# Data Wrangling Project
## Cleaning a Job Postings Data Set 
#### Scott Lee

Date: 14/06/2021

Version: 1.0

Environment: Python 3.8.3 and Jupyter notebook

Libraries used: please include the main libraries you used in your assignment here, e.g.,:
* pandas 
* numpy

## Import Libraries

In [1]:
import pandas as pd
import numpy as np
import re 

## Task 2: Integraton

In [2]:
df_2 = pd.read_csv('dataset2.csv')
df_1 = pd.read_csv('dataset1_solution.csv')
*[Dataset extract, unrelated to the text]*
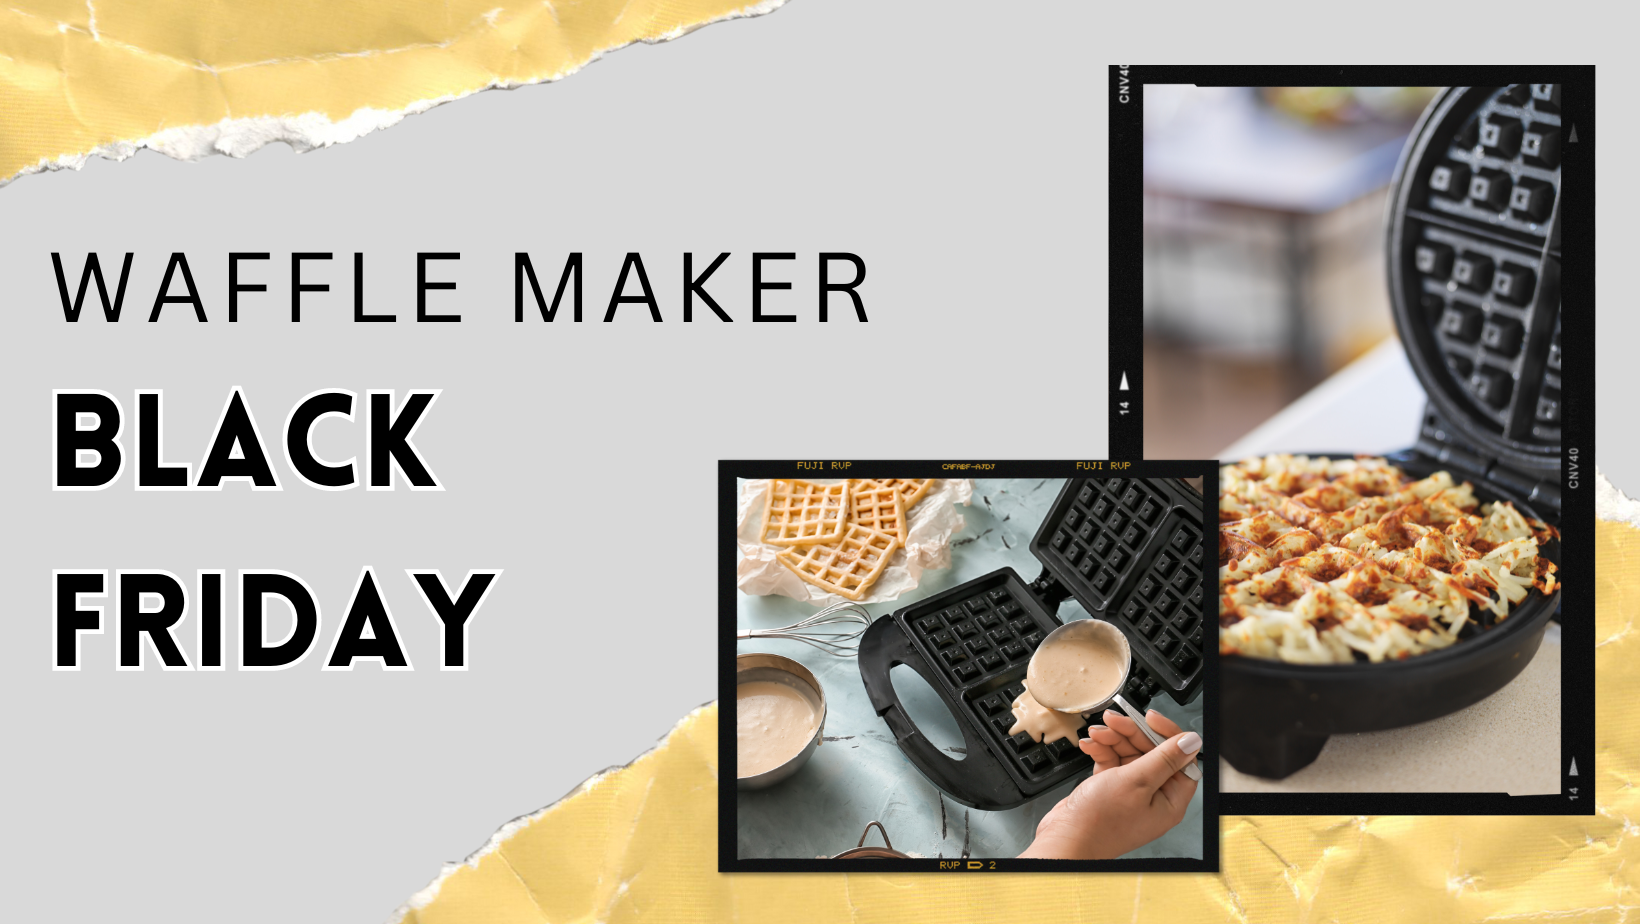 Waffle Maker Black Friday Everyday Is Black Friday Deals

Exploritory analysis reveals several key inconsistancies:
- There is no id column in df2
- There are columns with the same data but named differently
- Salary per month in df2 is equal to 1/12 of Salary in df1. 
<br>

An Id field is added to df2, sequentially increaing from the highest value in df1. This will give every entry in the final dataframe a unique value

In [3]:
#Adding a an Id column
for i in range(0, len(df_2['Opening'])):
    x = (i + 72705244)
    df_2.loc[i,'Id'] = x

In [4]:
#Cleaning up common column names in df2 to be consistant with those in df1

df_2['Title'] = df_2['Job Title']
df_2.drop('Job Title', axis = 1, inplace = True)

df_2['OpenDate'] = df_2['Opening']
df_2.drop('Opening', axis = 1, inplace = True)

df_2['CloseDate'] = df_2['Closing']
df_2.drop('Closing', axis = 1, inplace = True)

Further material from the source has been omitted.